Medical device manufacturers do not have to abide by the strict guidelines of the CE marking process for independent applications. There is actually no legal obligation for these manufacturers to ensure that their products are compliant with the highest possible quality standards. They are also not obligated to offer consumers any kind of guarantee concerning the conformity of their products to the highest possible industry specifications. Manufacturers are only required to comply with the basic guidelines that have been approved by the European Union.

A major part of this requirement is the compulsory conformity assessment carried out by the European Union's conformity assessment body, ECDI. Through web workshops conducted by the regulatory body, manufacturers can make sure that their products conform to the highest possible standards, as well as obtain an affirmation that the product meets the legal requirements of member states. The majority of manufacturers take advantage of this aspect and arrange for web workshops for their customers. The CE marking medical devices that these companies offer through their workshops are designed to meet the overall requirements of each country's conformity assessment body.

The second aspect that the CE marking process of medical devices involves is the re-certification of devices that have already been approved. Once a product has been approved, it cannot be re-approved for another twenty-four months. The re-certification of medical devices is done via the European Monitoring Network, EUROST. This is done in order to ensure that all the components of the device conform to the CE marking regulations of each and every country. By using a re-certification, a device that has been approved previously will be given a new certification, which will guarantee that the product meets all the CE marking regulations for sale.

The third aspect that is included in the whole CE marking process of medical devices is the compulsory comparison of technical files between different medical devices. Every product that you see or buy must undergo a comparison between it and another similar product from the market. If this comparison is not made, the benefits of buying the product will be reduced significantly. For instance, by making a comparison between identical IVDs, a lot of people would have the wrong impression that identical quality is being offered by them. This leads to a lot of purchases on inferior devices.

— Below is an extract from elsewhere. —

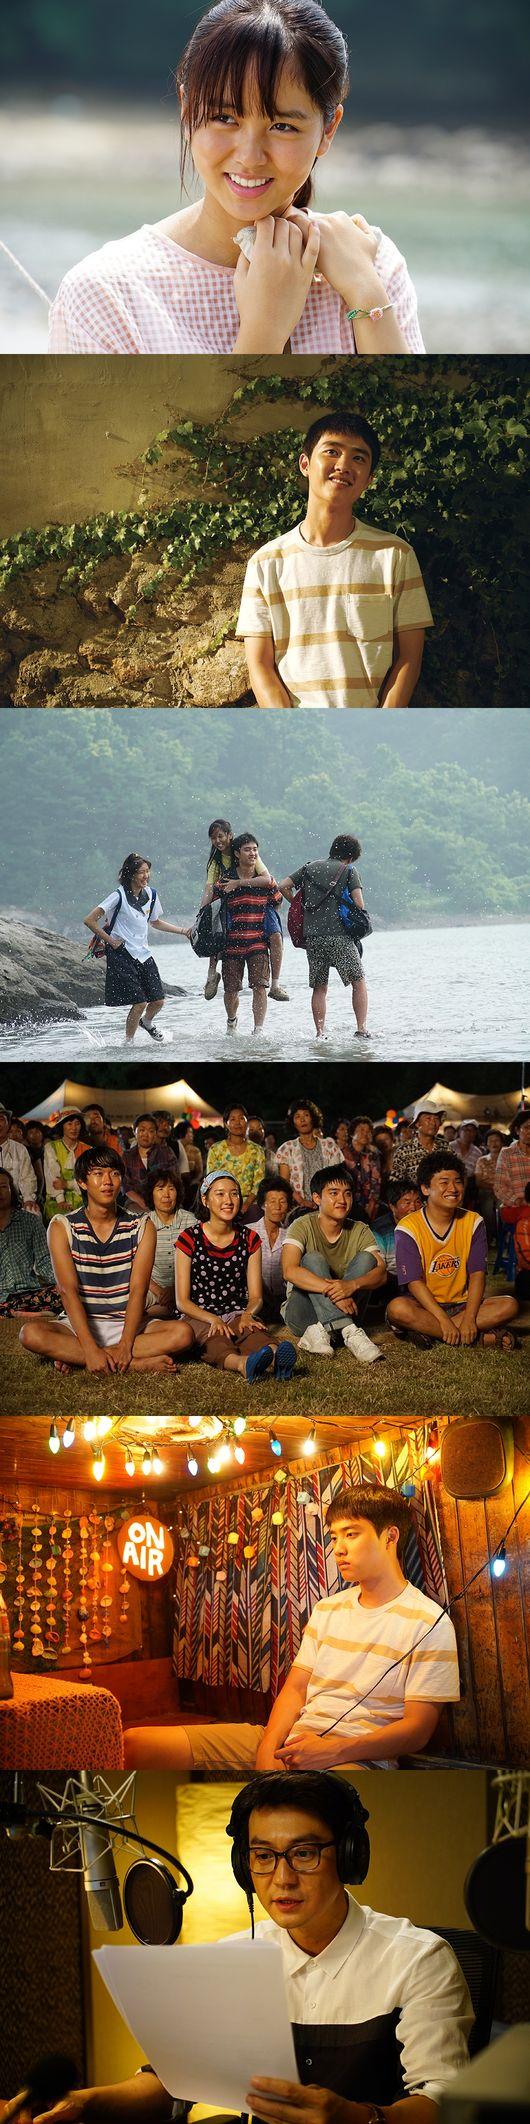 D.O-kim so hyun-movie stills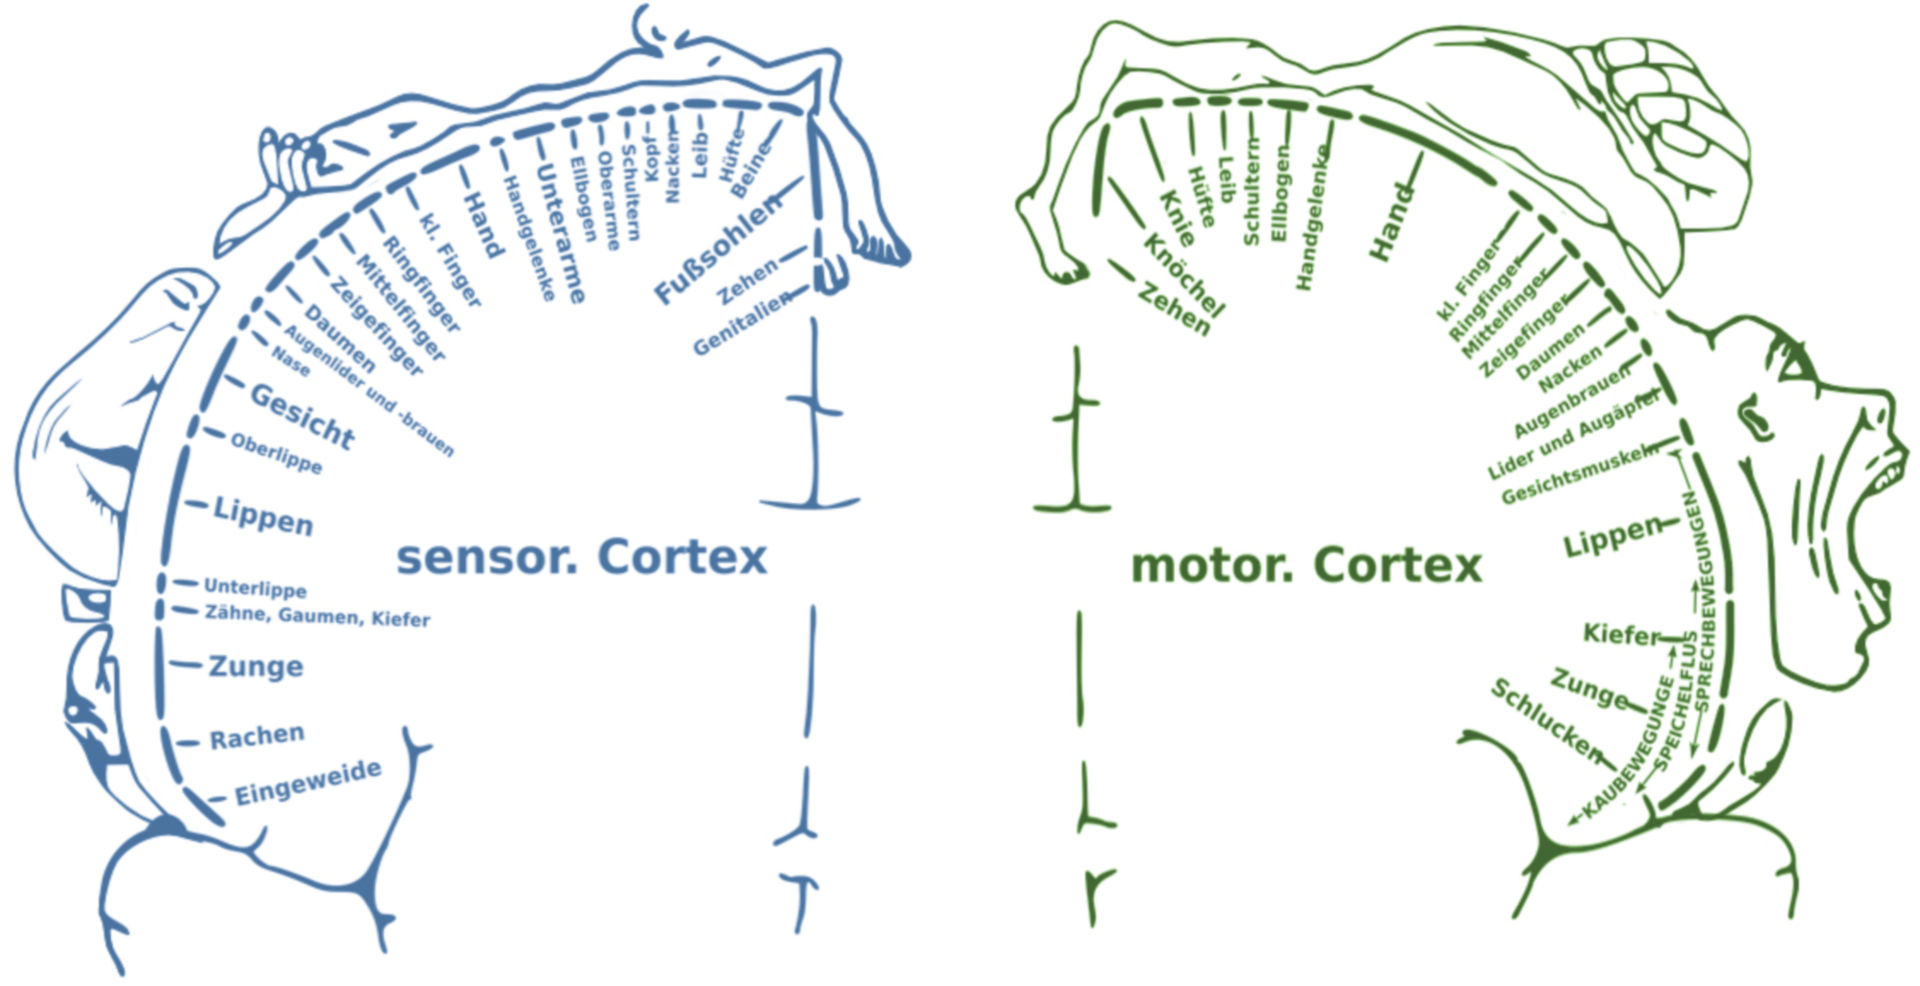 Homúnculo: Sensor y Motor (Esquema)

Moreover, the procedure for re-licensing devices that are already sold also involves certain technical documentation. It is part of the obligations that come with the purchase of a medical device. Once these two processes have been completed, all that remains is the next step in the conformity assessment - a labeling of the medical device. There are a number of requirements that will be applied to identify the components that make up the devices. One of the most important criteria is the list of ingredients that are contained in the device, together with the list of substances and/or compounds that have not been found in the technical documentation of any other similar devices from the same category.

With the help of the Europe Payment Platform (EPC), manufacturers who take part in the conformity assessment can get a certificate that will indicate to consumers that the medical devices they are selling are legitimate products. Most often, this certification is provided within three to four months. This means that the manufacturer or supplier can easily change any misidentifying or false data into an item that conforms to the necessary guidelines.

The second part of the conformity assessment process deals with the proof of proper functioning. The CE marking of medical devices is applied on the product with the help of a set of quality standards, which indicate how the device should function in relation to the guidelines set forth by the European Union. While many companies are comfortable with the use of the standard set forth by the EU, manufacturers of electrical and electronic products should also have their products checked to ensure that they comply with the CE marking regime. To ease the application of the CE marking program, several electronic companies offer their own suite of standalone software that will do the necessary checks automatically. Most of these standalone software applications are available on the market for a price that is significantly lower than what one would have to pay for the services of a compliance officer.